Who knew a tequila shot could give you chlamydia?

Last time I checked, getting an STD or becoming pregnant required two people, but the CDC seems to have forgotten that, taking men out of the equation entirely and instead making women solely responsible for sex and its consequences. And while one could argue that the “injuries/violence” phrase could refer to a situation in which a woman gets drunk and falls down, all on her own, it’s impossible to see those words in this context and not think of sexual assault or domestic abuse. The poster seems to suggest that if a woman drinks and becomes the object of violence, it was her fault for being irresponsible with alcohol — and not the fault of whoever was violent toward her. That dynamic is consistent with the way our society tends to approach violence towards women more broadly; we live in a culture that routinely puts the onus on women to prevent assault and abuse — Don’t get drunk, don’t wear those clothes, don’t say those things, don’t go out by yourself at night — and blames them when they can't, as if rape and violence were naturally occurring phenomena that women must simply try to avoid, like tornadoes or the flu, as opposed to acts that one person chooses to perpetrate against another.

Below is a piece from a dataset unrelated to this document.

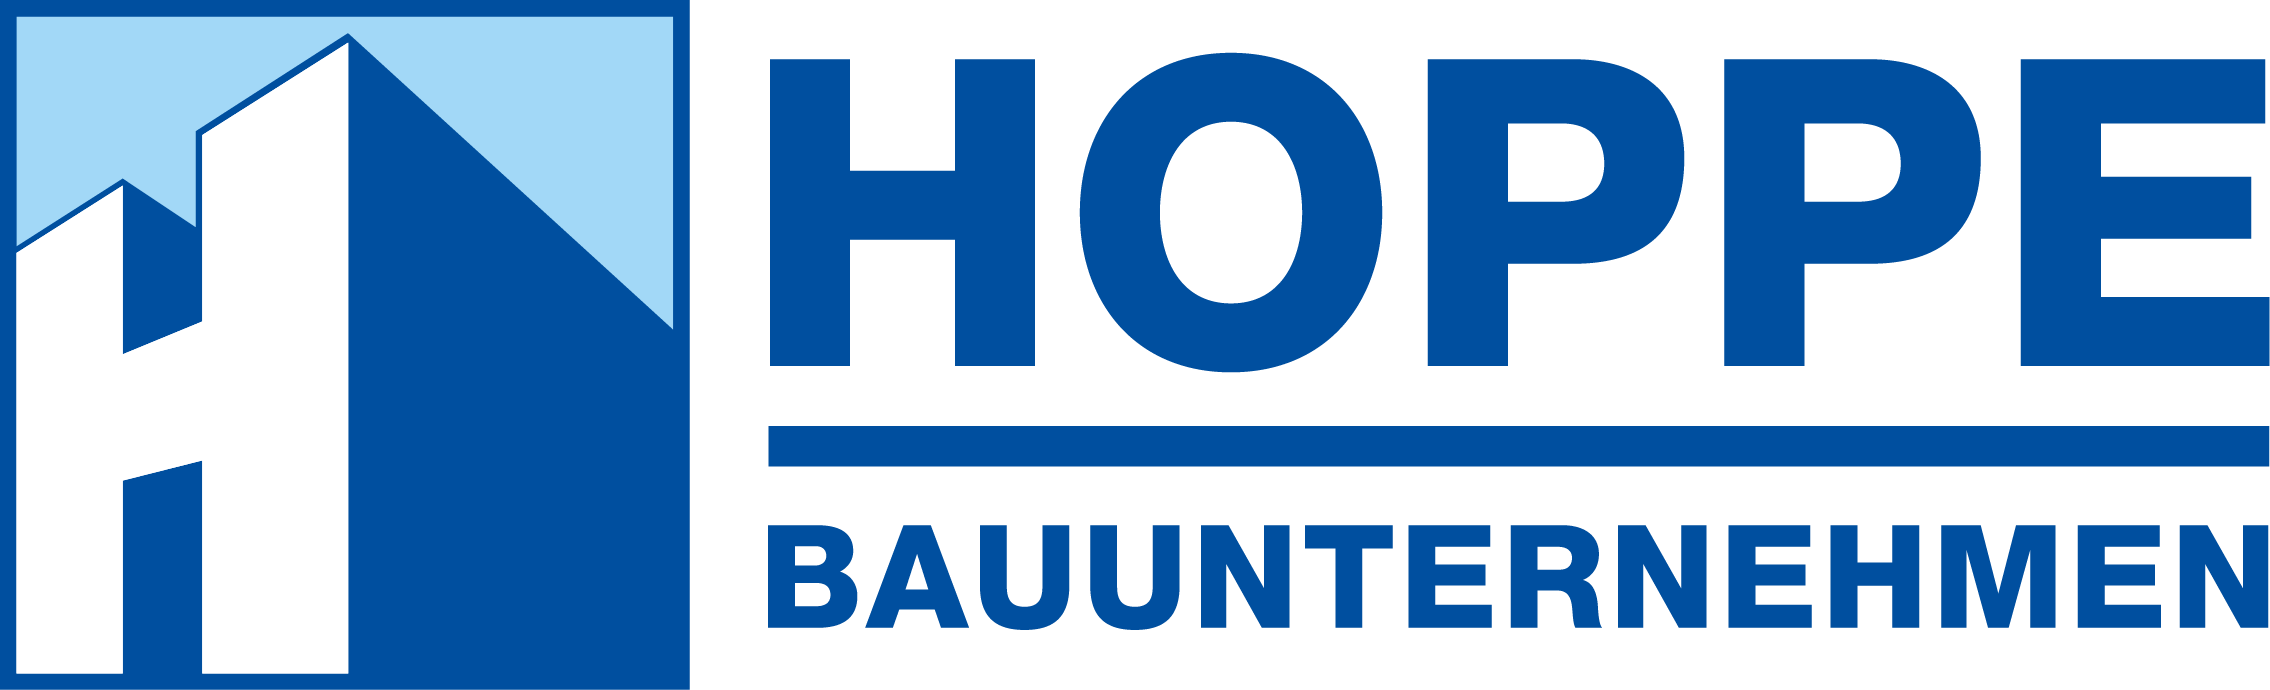 Hoppe Bauunternehmen Logo

Thus far, the CDC’s campaign to decrease the prevalence of FASDs seems to be focused entirely on women. Where is the poster telling men that drinking puts them at risk for STDs, violence, and fathering unwanted children? Where is the official recommendation that men in their fertile years should abstain from having unprotected sex with women who are drinking? Or — just to be safe — from having sex at all with women who are drinking? I’m asking.